The sample with the largest volume higher than 377 Å3 contained strotntianite. The largest cell volume for calcite sample without strontianite was 376.51 ± 0.18 as described in the text. We added comments to the figure caption.
The third question about this plot is the sample size. As the standard deviation is plotted in Figure 2, please indicate where the standard deviation comes from. Is that from different batches of sample or repeated measurements of the same batch of sample?
The error bar was derived from standard deviation of unit cell volume estimated using GSAS. We added the explanation in the figure caption.
Table 1a – According to Figure 1, there are 10 concentrations (> 0%) of pressure treatment Sr-doped sample and 3 concentrations (> 0%) of heating treatment Sr-doped sample. But only data of 4 pressure treatment samples and 2 heating treatment samples are shown in Table 1a. Is there any reason?
Sr concentration was measured on selected samples.

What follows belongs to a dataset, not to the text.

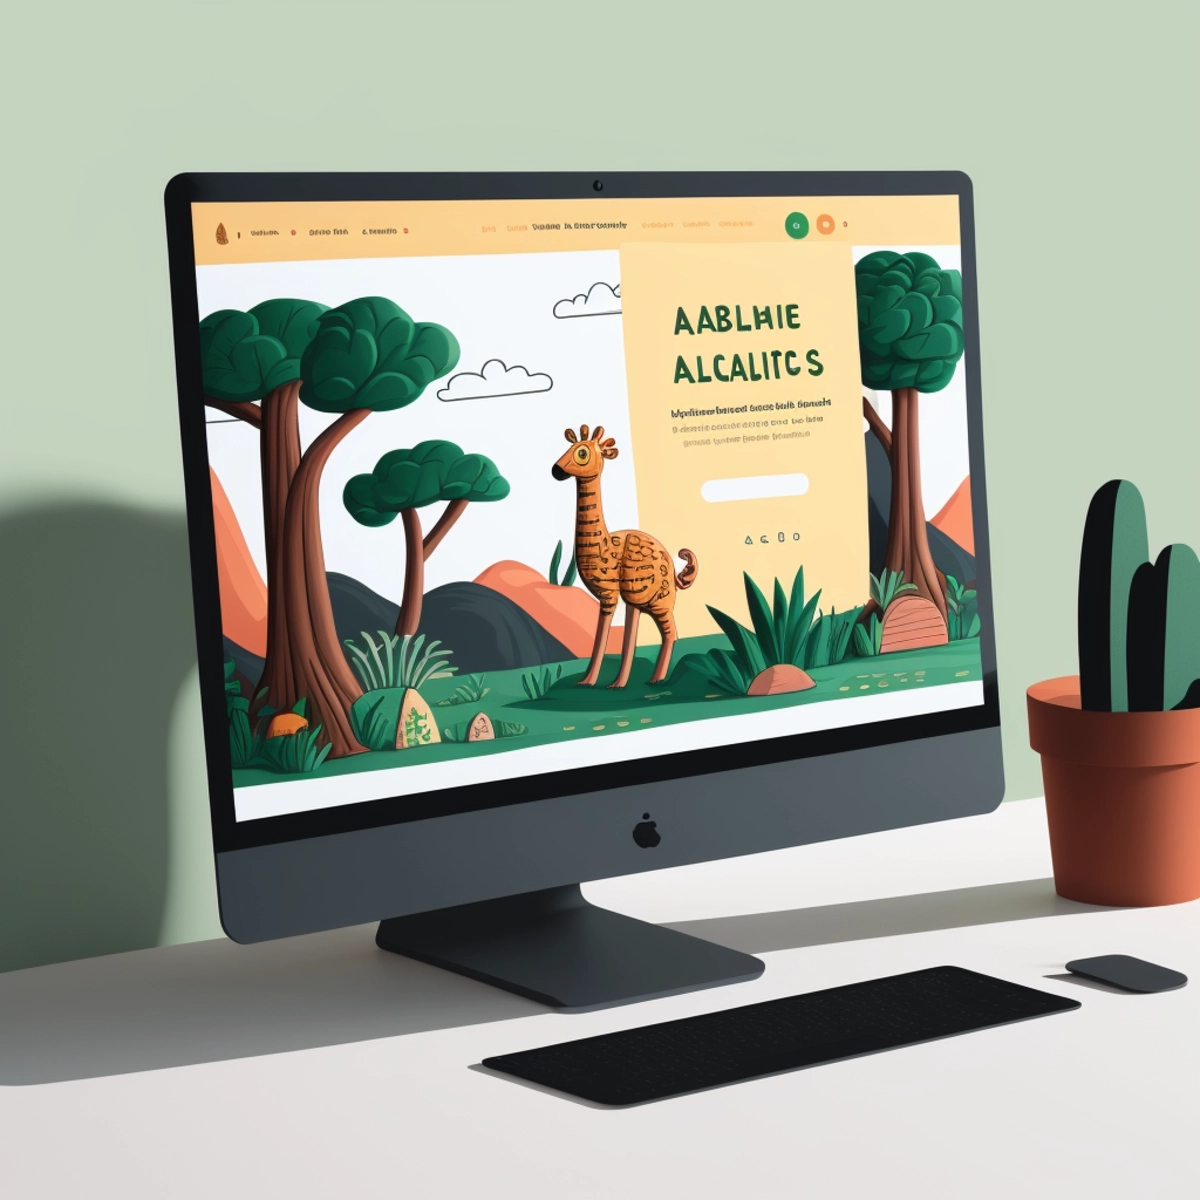 An educational website on monitor, incorporating playful illustrations

There are no special reasons.
Figure 6 – Please move the figures under 3.4 section.
Yes, the figures are under the section.
Impurity induced order-disorder phase transition – Based on my understanding, the phase transformation discussed here happened under room temperature, correct? In line 225, it says that “…was observed at room temperature”. Could more details be added? Are samples discussed in this section prepared under room temperature? Or, are they pressure/heating treatment sample but stored at room temperature for serval days to let the phase transformation happen? Please give more information.
Yes, the extinction of 113 reflection was observed at room temperature. We added in contrast to the previous studies at high temperature” to highlight the results of this study.
Author Response File: Author Response.pdf
Round 2
Reviewer 3 Report
Authors well revised manuscript. I am OK with the updated version.